BERLIN (Reuters) – German cities face severe financial difficulties, with most unable to present balanced budgets this year amid poor growth and high social spending, a survey showed on Monday, days before an election where the ailing economy is a key issue for voters.
Intense foreign competition, higher energy costs and interest rates and economic uncertainty have weighed on Germany’s economy, which shrank in 2024 for a second year and is expected to contract further this year.
Around 37% of major cities in Germany are unable to balance their budgets and 47% rely on reserves, a survey by the German Association of Cities found.
The survey results come less than a week before the federal election, in which the ailing economy is the top issue for voters and the far-right Alternative for Germany (AfD) party is anticipated to secure second place.
Just 2% of Germany’s cities were optimistic about their finances for the next half decade, down from 64% in the past five years, and nearly half expect worsening budgets, suggesting potential staff and services cuts to come and stalled infrastructure projects.
“The era of balanced municipal budgets is over … The issue is structural, not the fault of the cities themselves,” Markus Lewe, president of the association, said at a news conference in Berlin on Monday.

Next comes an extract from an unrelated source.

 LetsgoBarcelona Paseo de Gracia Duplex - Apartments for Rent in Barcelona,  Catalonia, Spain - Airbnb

Lewe said the incoming federal government must take urgent action to prevent a complete collapse of cities’ finances through measures such as a fairer sharing of tax revenue, full funding for federally assigned mandates and a reevaluation of the debt brake.

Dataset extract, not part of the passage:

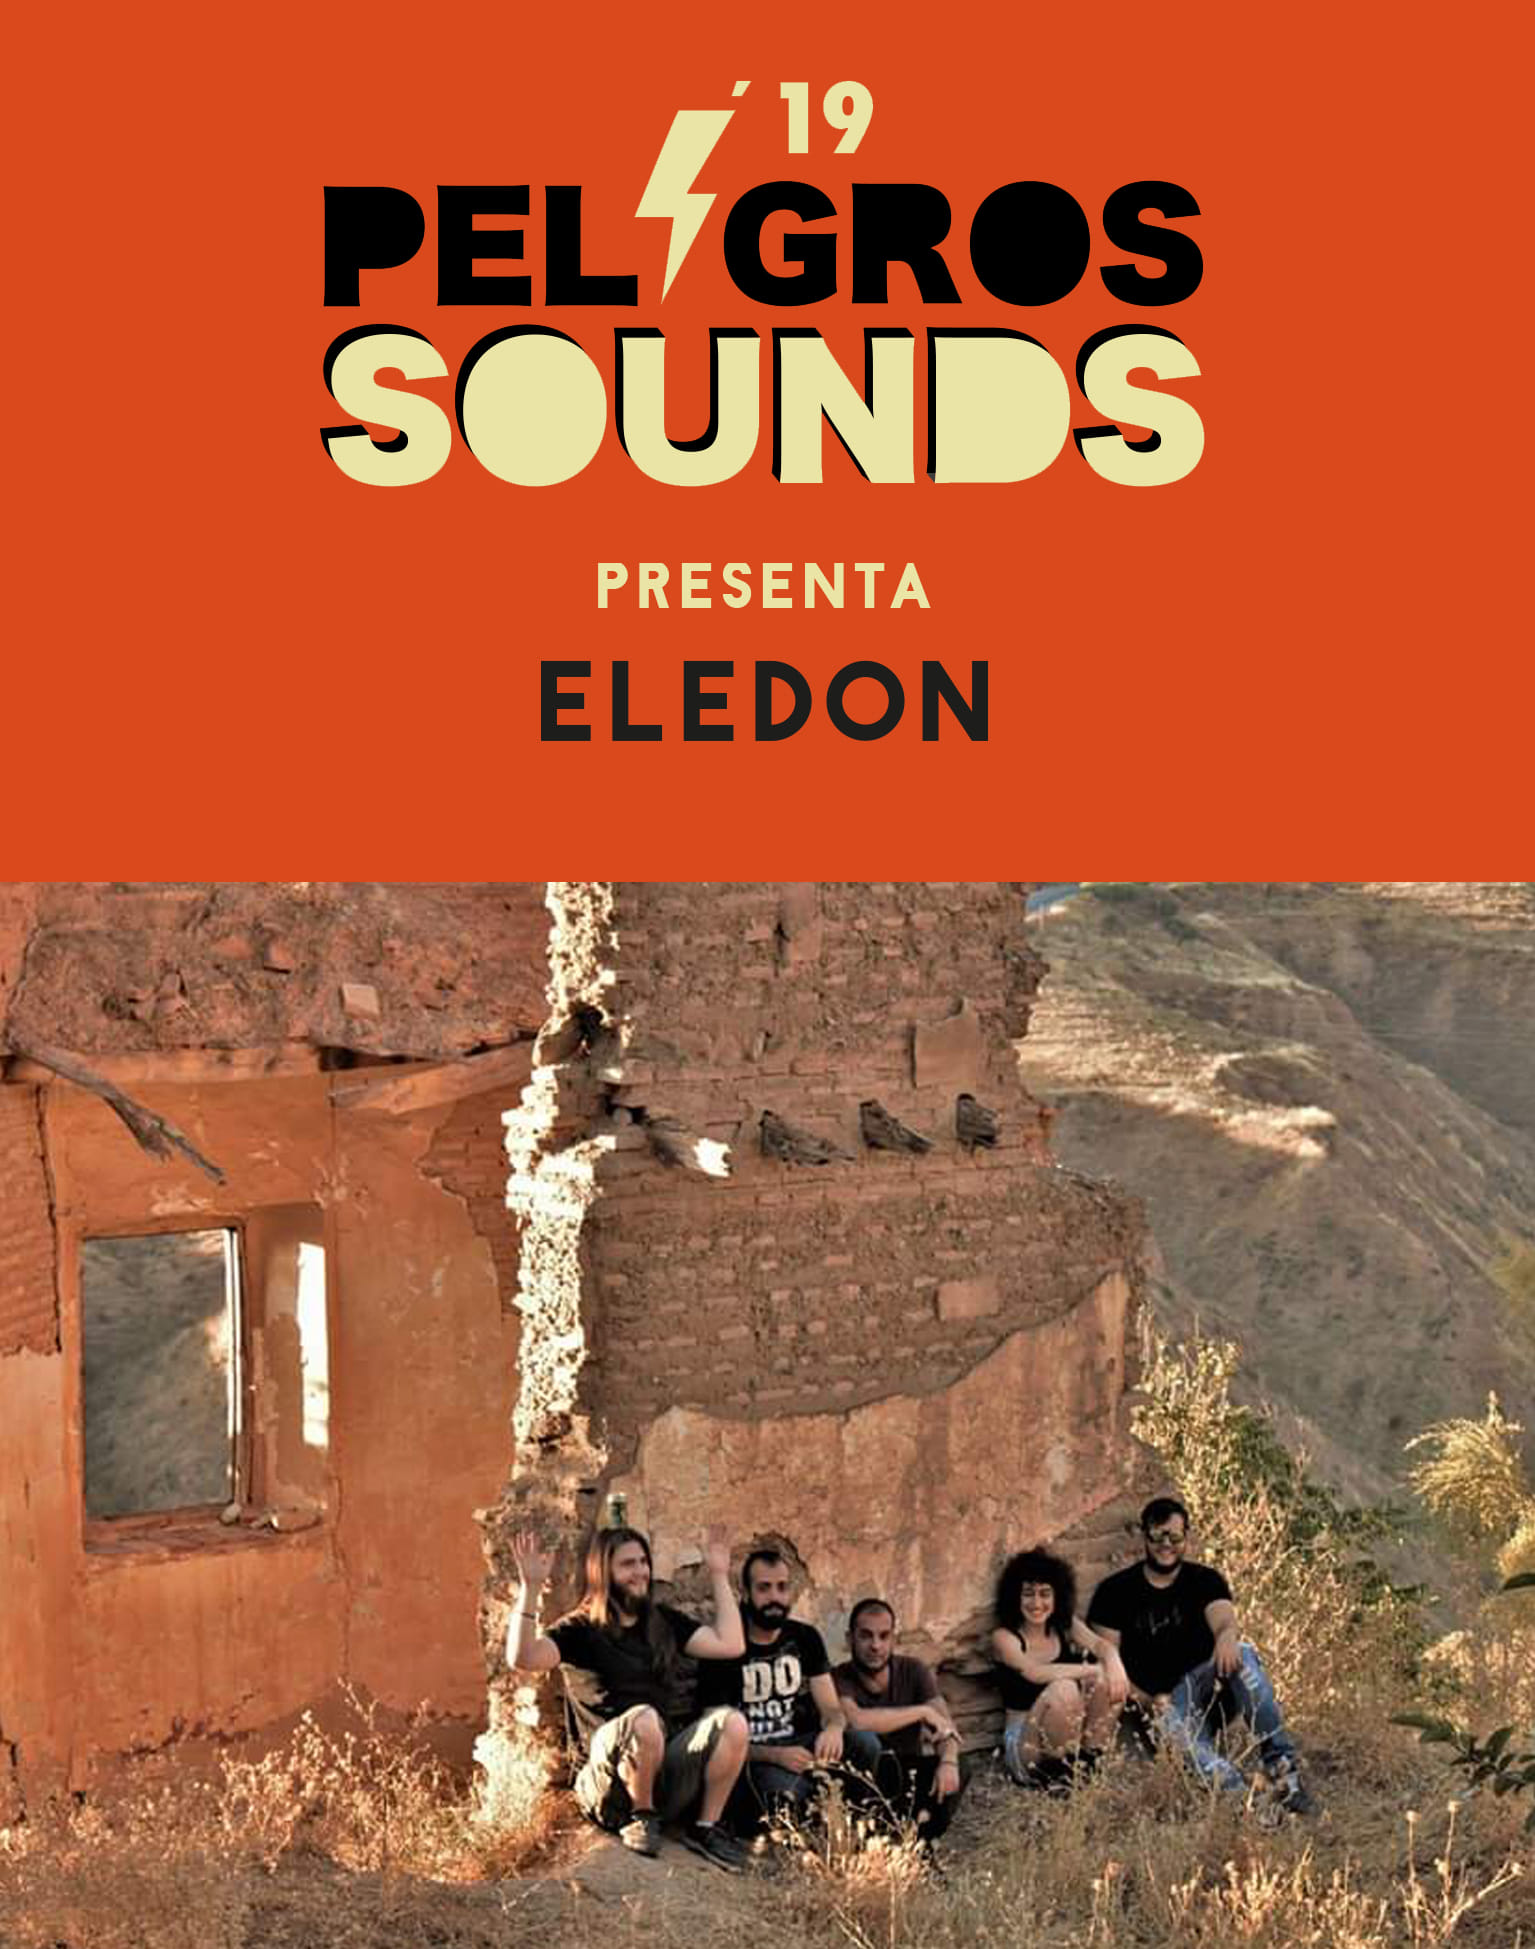 2019- Eledon en el festival peligros sounds

Rising social spending has been a major strain on city budgets, including costs for childcare, disability support and elder care.
Municipal social expenses surged 12% last year, with child and youth welfare costs doubling over the past decade from 32.8 billion euros to 67.6 billion euros ($70.84 billion), according to the association.
The main cost drivers are new unfunded mandates from federal and state governments which are almost never fully financed, such as the legal right to all-day childcare.
The influx of refugees has further driven up spending on child, youth, unemployment and social welfare, it added.
“We are facing mammoth tasks with transformation tasks such as the transport … energy … or the heat transition. How these massive investments are to be financed has hardly been clarified anyway,” said Burkhard Jung, the association vice president.